WORK TO BE COMPLETED
Could you repeat every record below exactly, leaving out the pictures?

Dataset excerpts
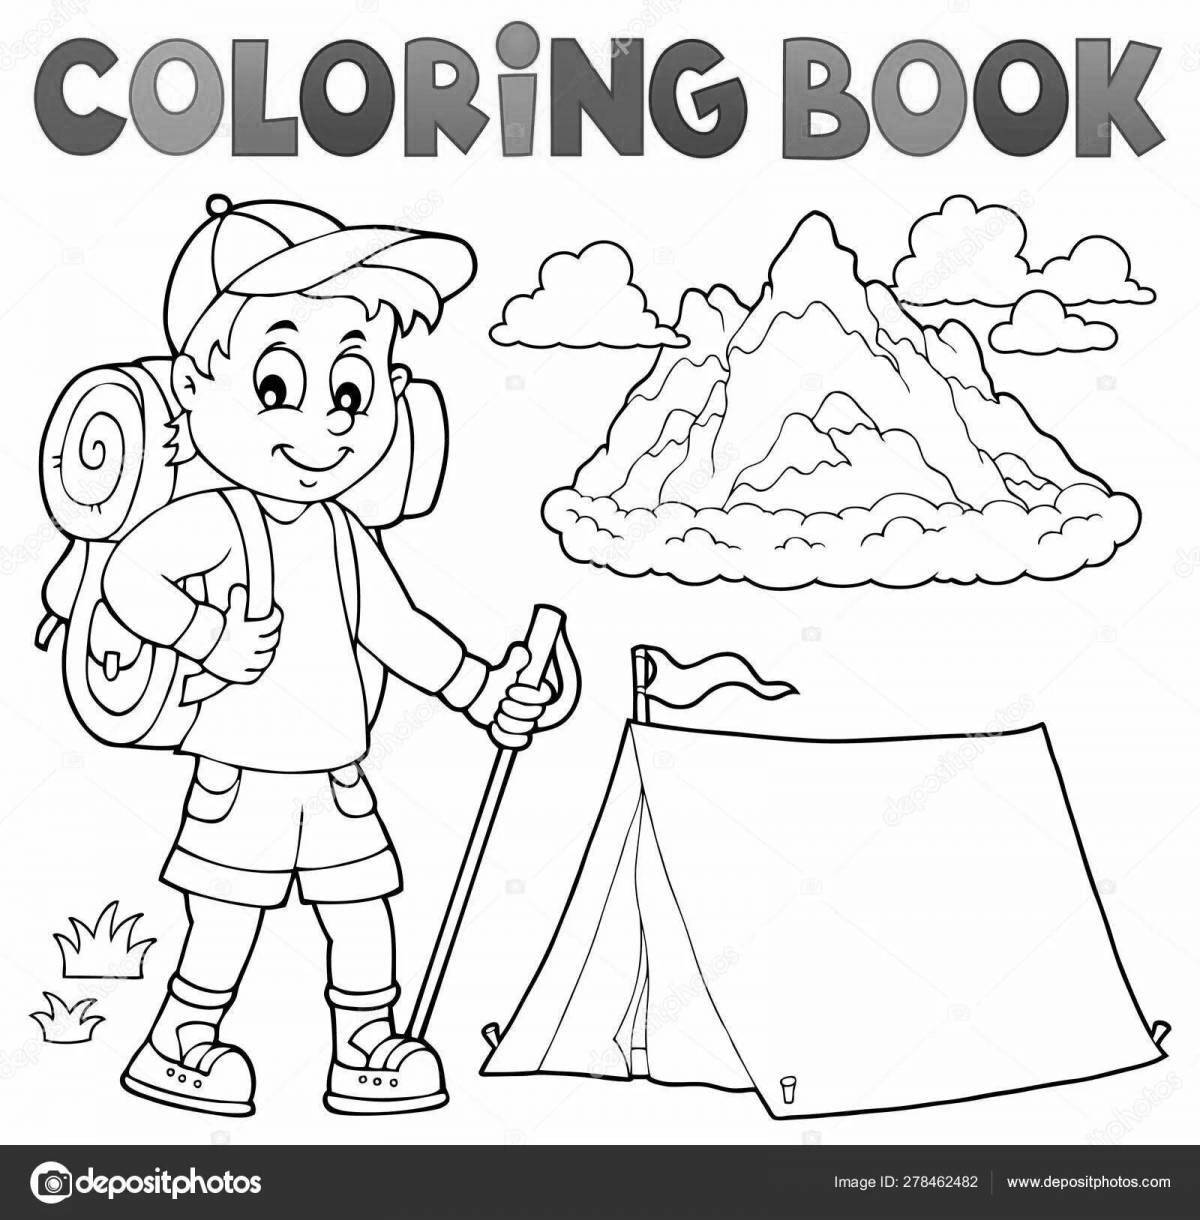 Entertaining travel coloring book
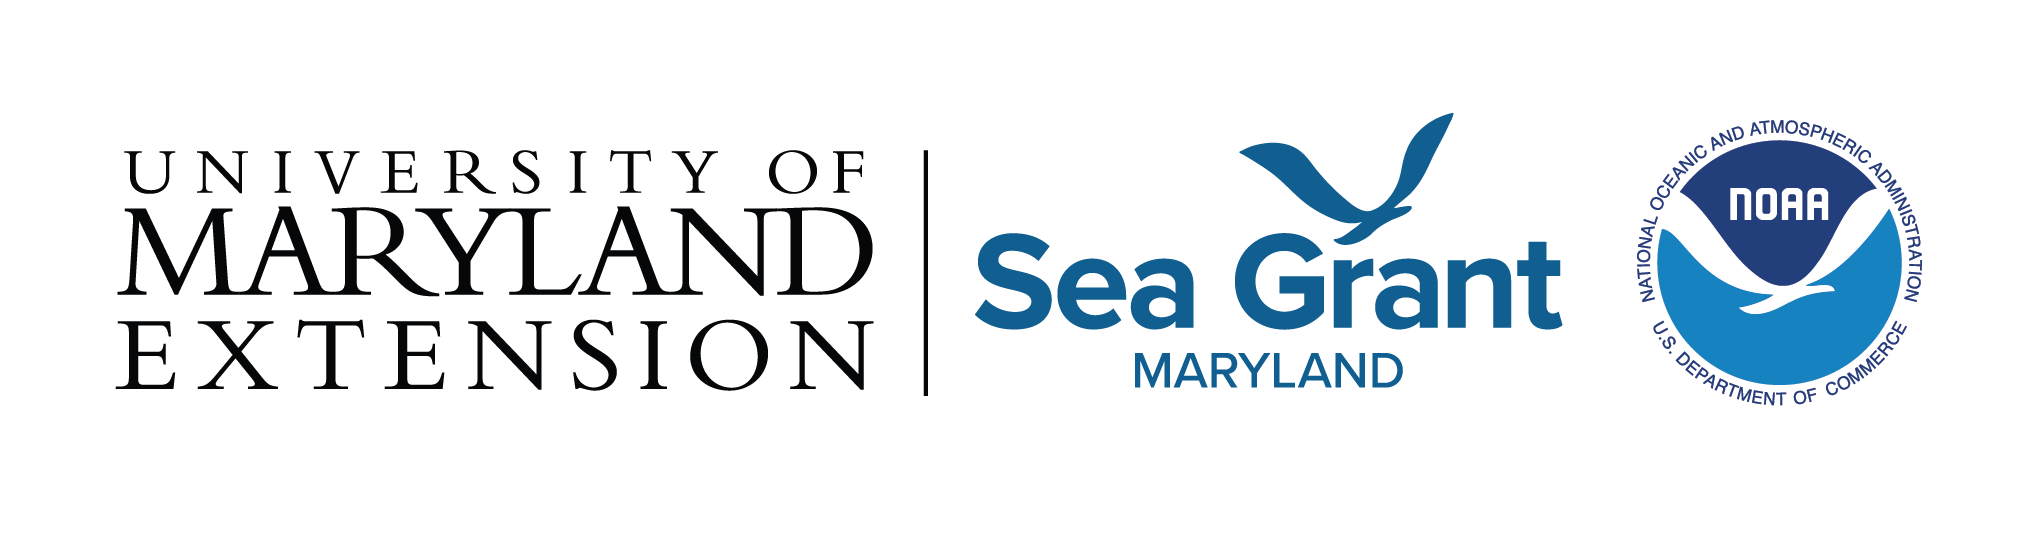 University of Maryland Extension and Maryland Sea Grant logo
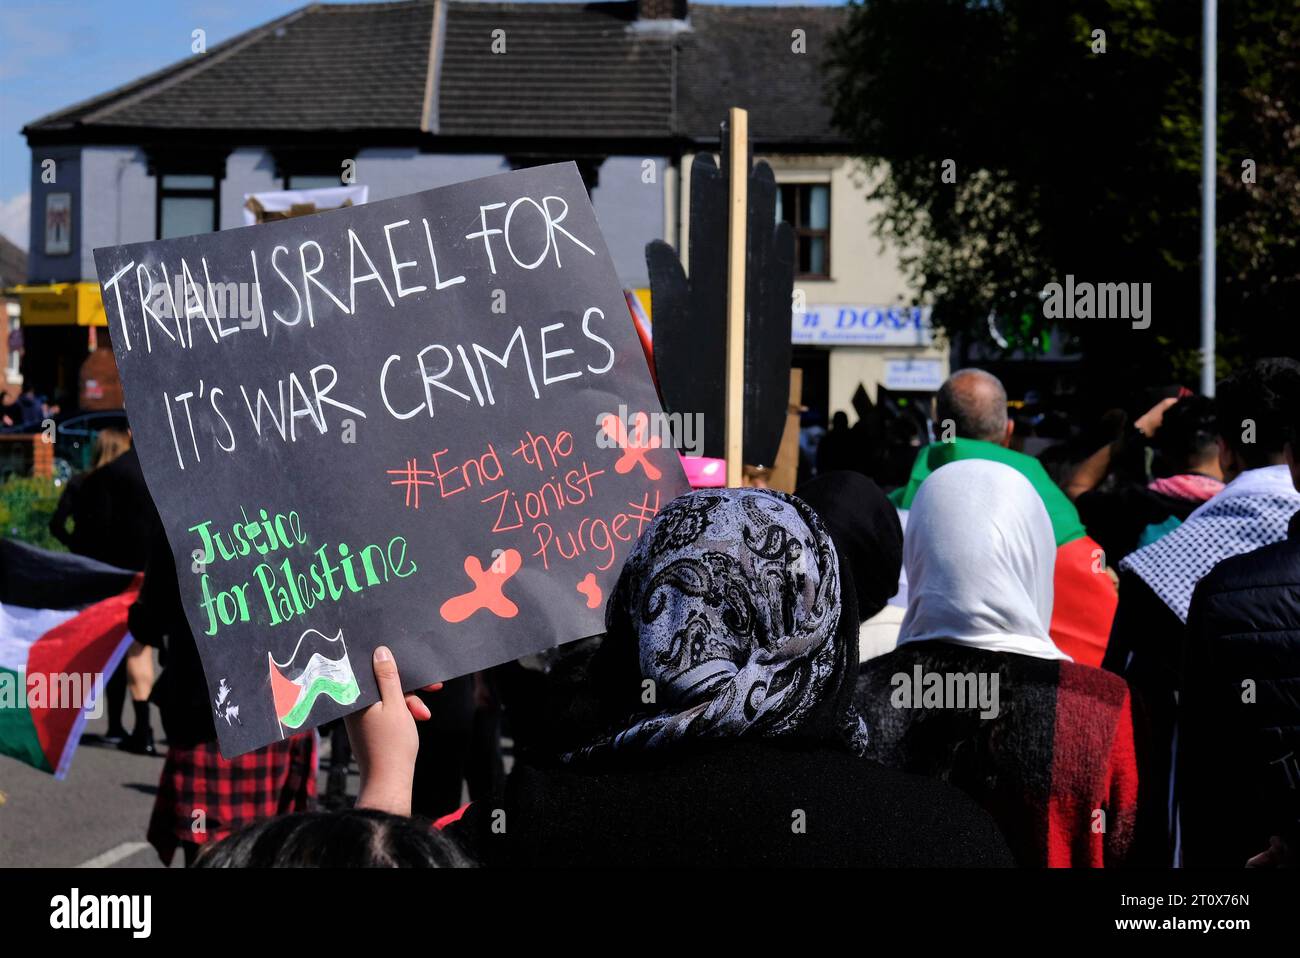 Hanley Park, Stoke on Trent, UK. 29th May 2021. Protesters march in Stoke on Trent demanding Freedom for Palestine and the end of oppression. Stock Photo
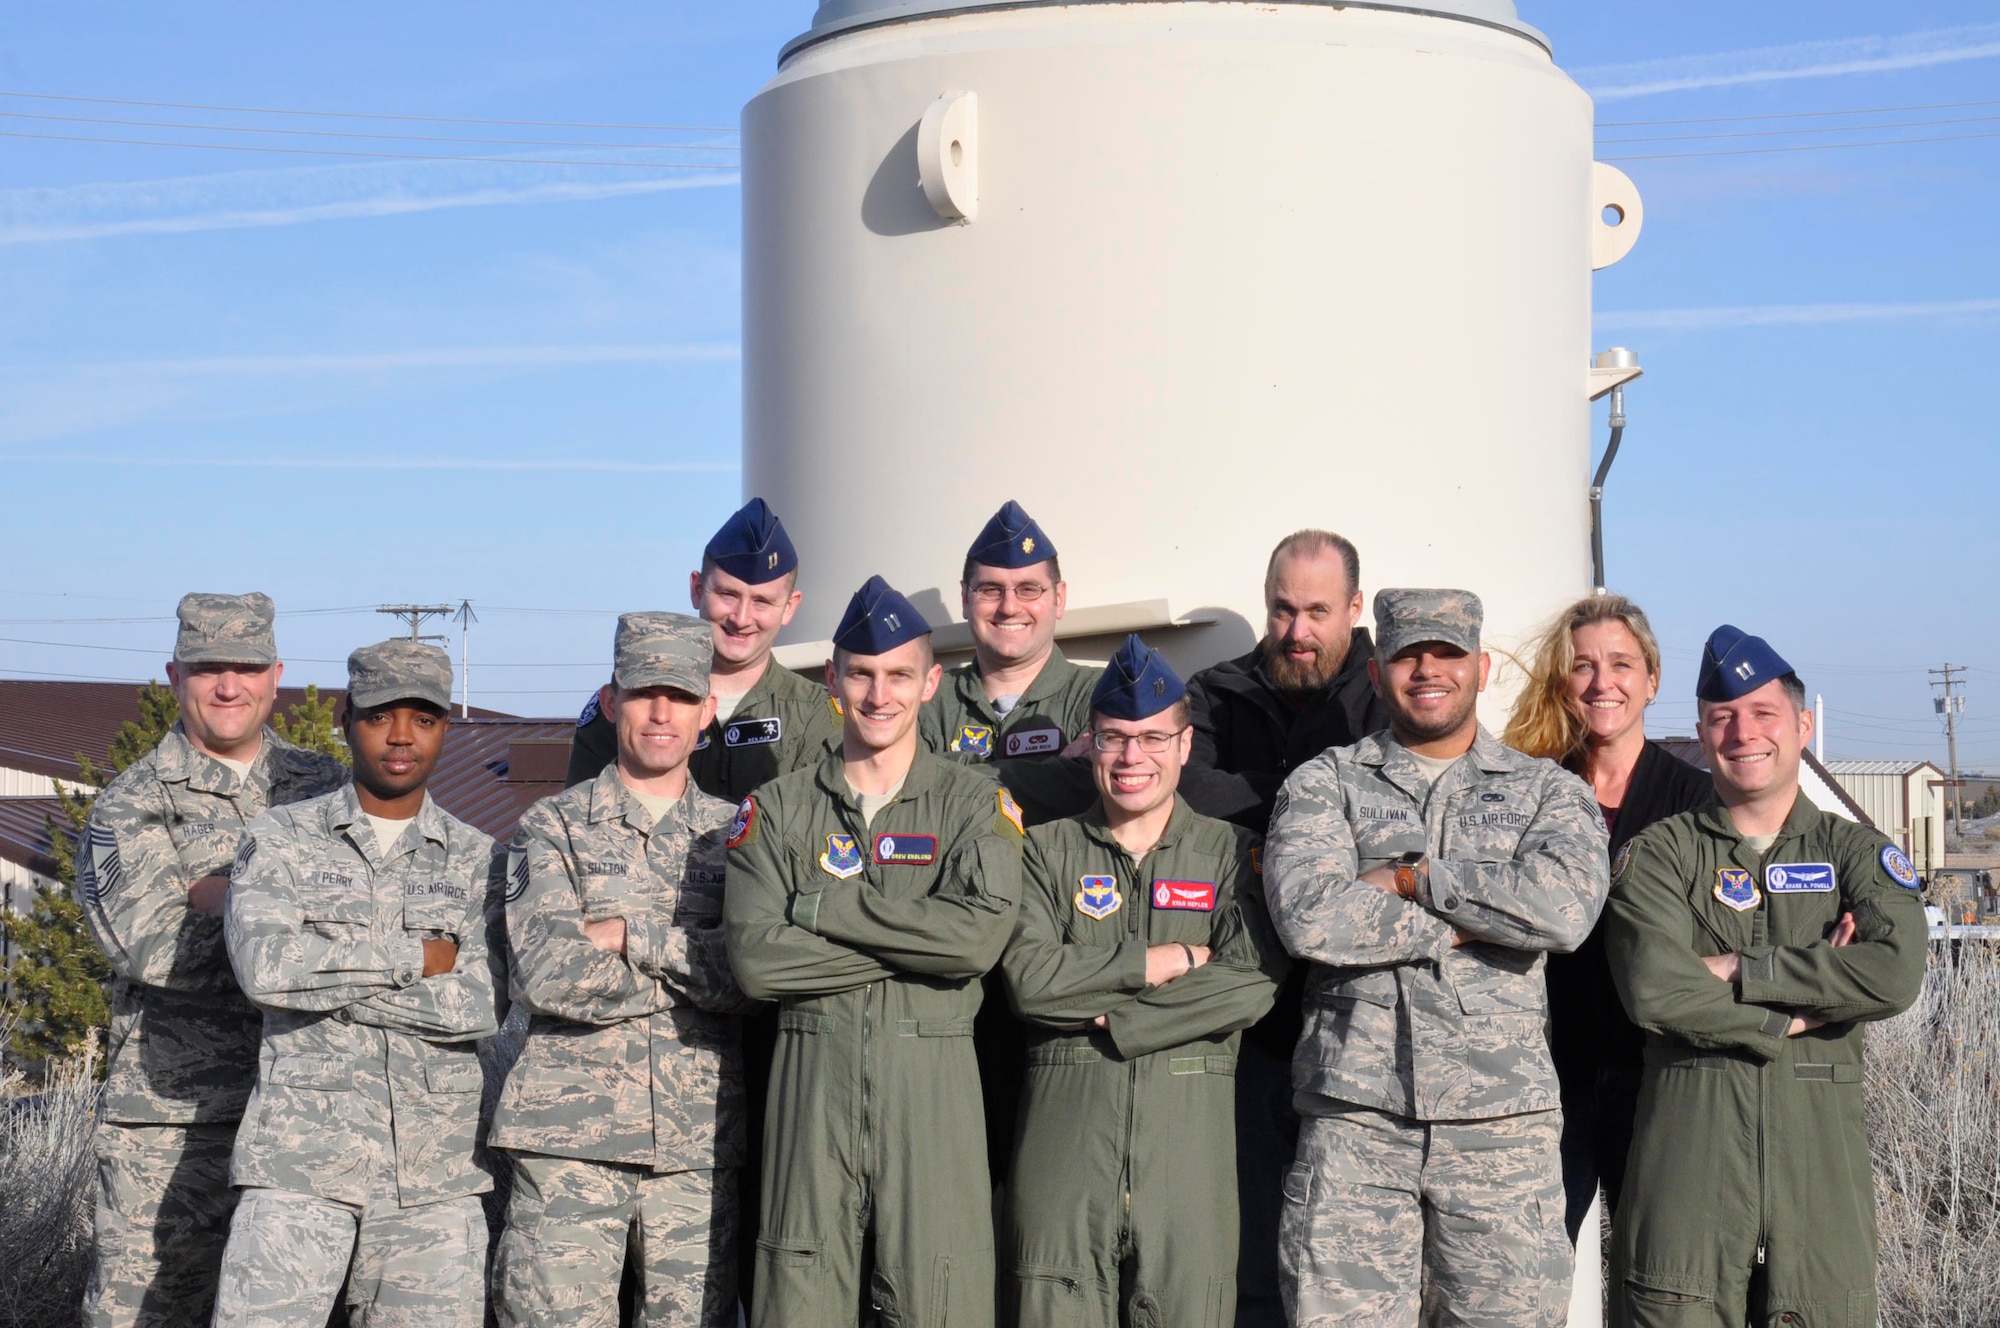 The 20th Air Force Olympic Sword team pose for a group photo at Hill Air Force Base, Utah., Feb. 17, 2017. The team of missile combat operators, missile maintainers and Technical Order Management Agency office members spent three weeks improving the two main technical orders used by missileers who operate the Minuteman III weapon system. (U.S. Air Force photo by 1st Lt. Veronica Perez)
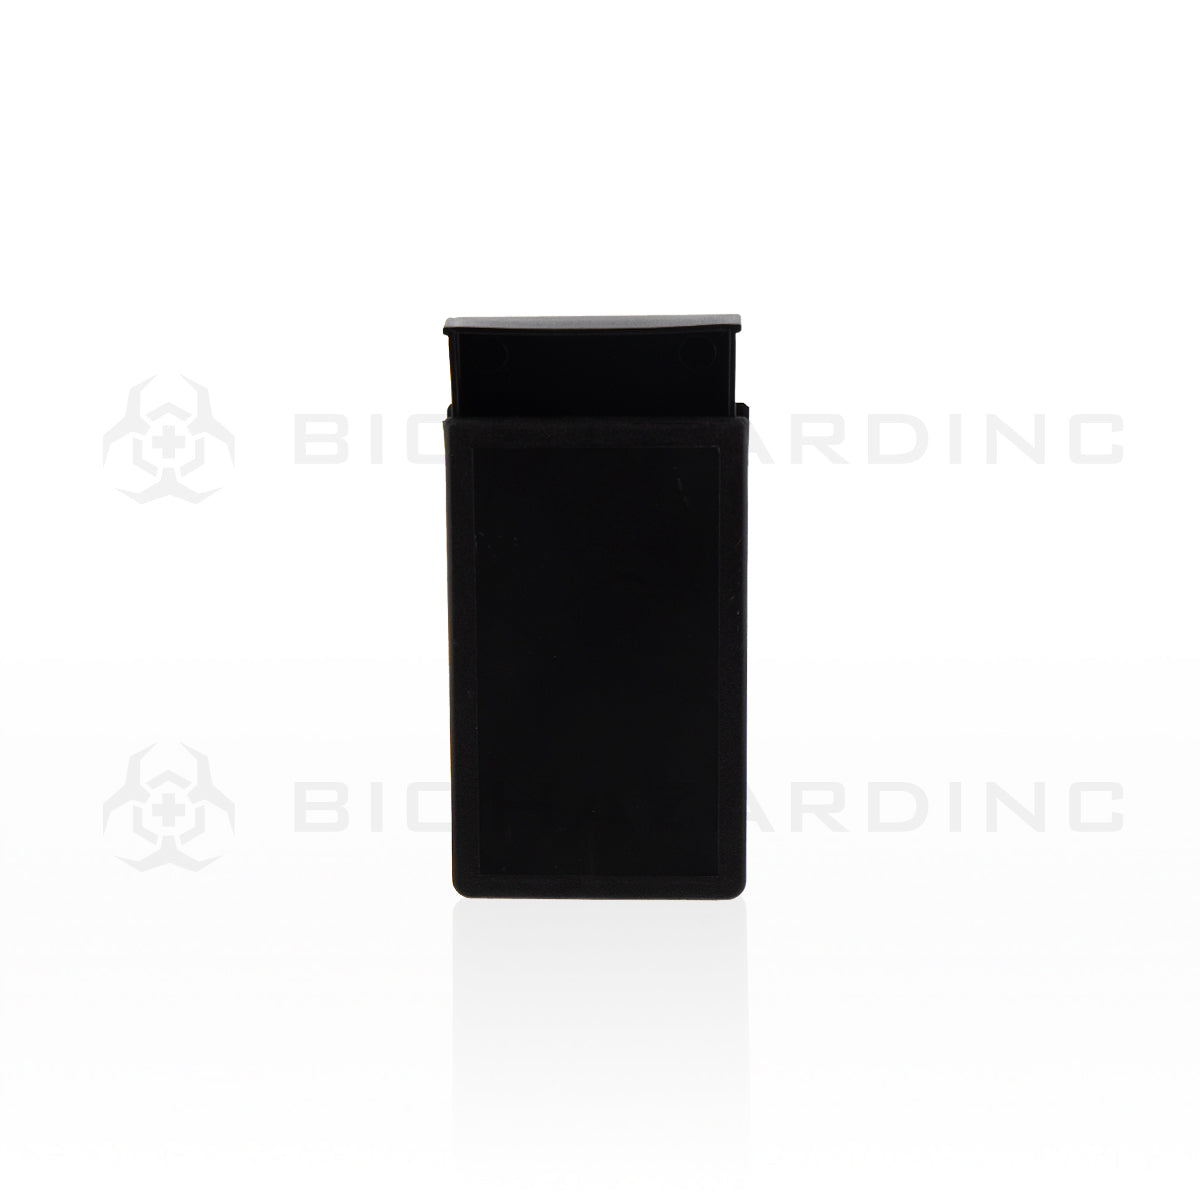 Preroll Cases | 85mm Portable Joint Boxes | 360 Count Black Pre Roll Case Biohazard Inc

EXERCISE RESPONSE
 Entertaining travel coloring book
 University of Maryland Extension and Maryland Sea Grant logo
 Hanley Park, Stoke on Trent, UK. 29th May 2021. Protesters march in Stoke on Trent demanding Freedom for Palestine and the end of oppression. Stock Photo
 The 20th Air Force Olympic Sword team pose for a group photo at Hill Air Force Base, Utah., Feb. 17, 2017. The team of missile combat operators, missile maintainers and Technical Order Management Agency office members spent three weeks improving the two main technical orders used by missileers who operate the Minuteman III weapon system. (U.S. Air Force photo by 1st Lt. Veronica Perez)
 Preroll Cases | 85mm Portable Joint Boxes | 360 Count Black Pre Roll Case Biohazard Inc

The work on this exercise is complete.